Caszely pasó meses con el teléfono intervenido, cambiando de número con
frecuencia. Pero el dolor era mayor y más trascendente que la persecución. «Mi
mamá se fue a la tumba con esa herida abierta», reconoce el exjugador en
conversación con el autor de este libro. Eso sí: en el plebiscito del 5 de octubre de
1988 ganó el no, con el 56% de los apoyos. Quién sabe cuántos votos arrastró el
testimonio de la señora Olga Garrido.
Caszely estudió Periodismo cuando se retiró y logró trabajar en la televisión.
Además, montó una escuela. Sin embargo, como reconoce, lo más grande que le ha
ocurrido nunca no tiene nada que ver con los focos y las luces. «Un día se me acercó
un minero de una región del sur de mi país y me dijo: “Carlitos, tú eres nuestra voz”.
No sé cómo pude reprimir las lágrimas», rememora.
Sin embargo, quizá la historia de Caszely con Pinochet se resume en una
anécdota ocurrida antes de que el mundo conociera el drama de su madre, aunque él,
como durante toda su vida, lo llevara clavado en el pecho. Fue otro encuentro helador
con el tirano, como todos.

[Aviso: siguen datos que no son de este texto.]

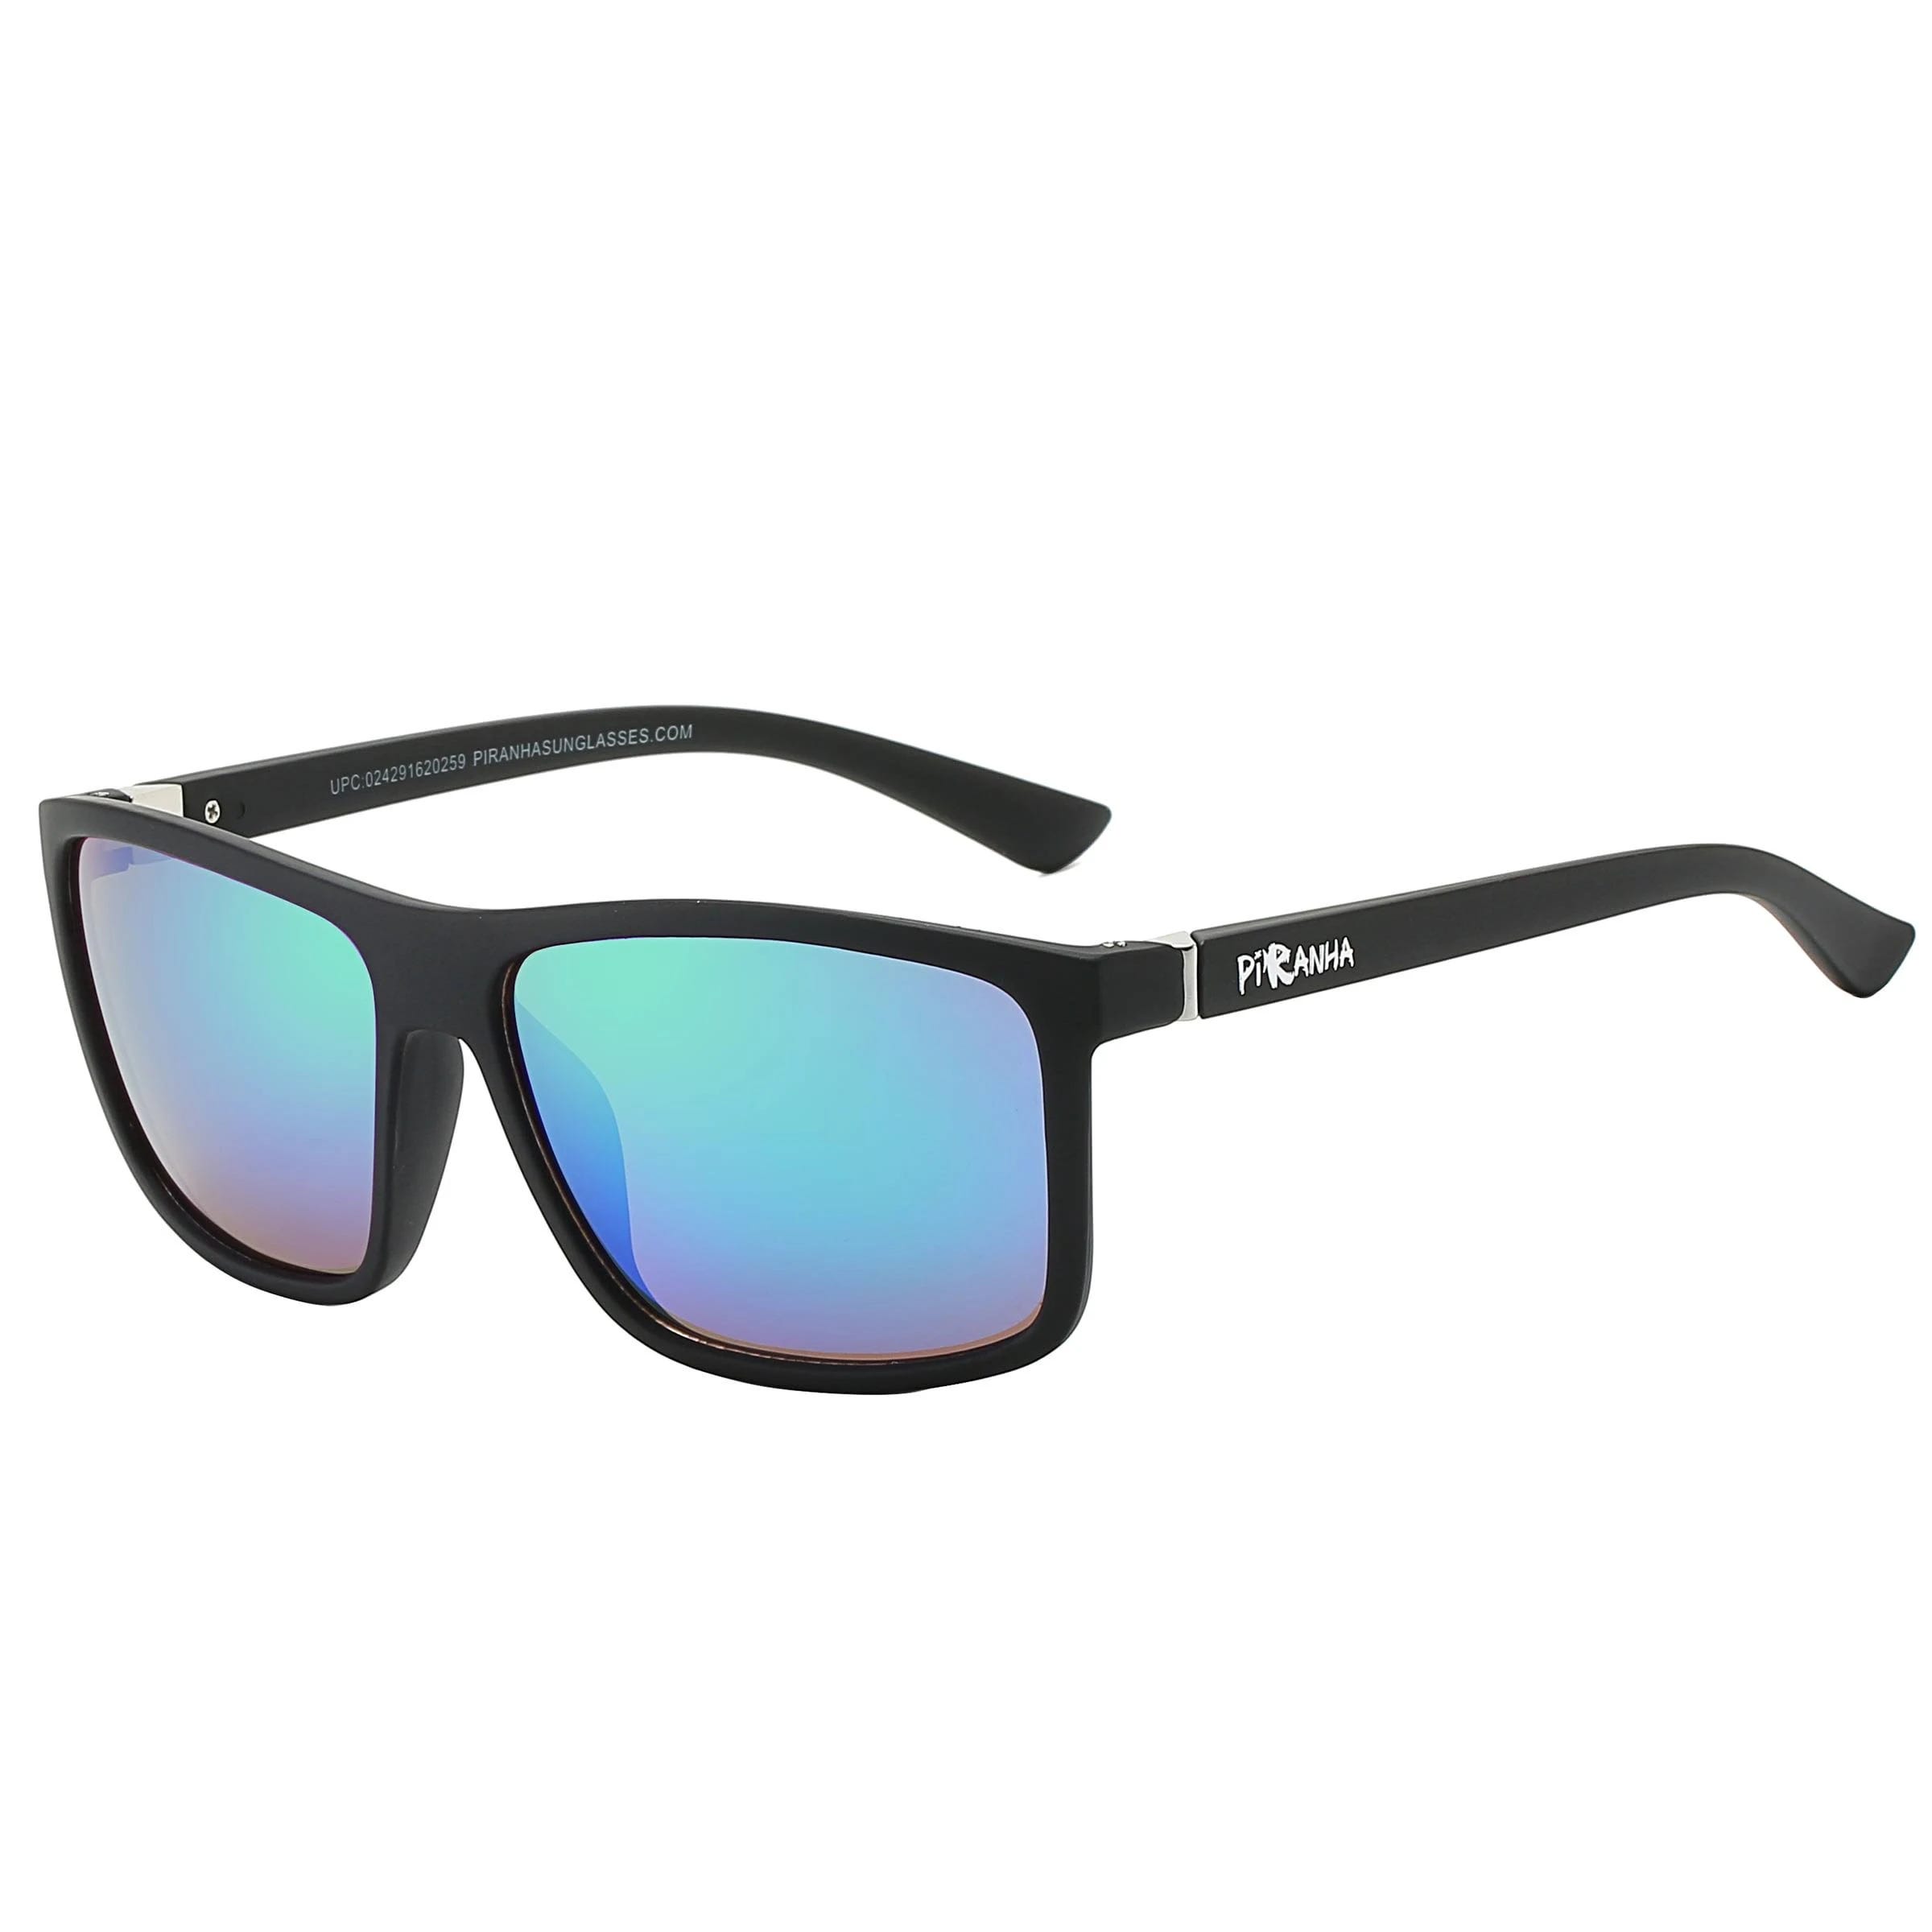 Piranha Xander Black Sunglasses: Classic and Durable Flat-Top Design | Image

A punto de retirarse el futbolista, ambos mantienen una
conversación en la que el general le hace una broma que, viniendo de quien venía,
atormenta por macabra. «Usted, siempre con su corbata roja. No se separa nunca de
ella», le dice Pinochet. «Así es, Presidente. La llevo al lado del corazón», le responde
el todavía futbolista en activo. «Aquí le cortaría yo esa corbata», sonríe
macabramente el dictador mientras hace el gesto de unas tijeras. No pudo cortarle
nada. Ni la corbata ni las alas rojas.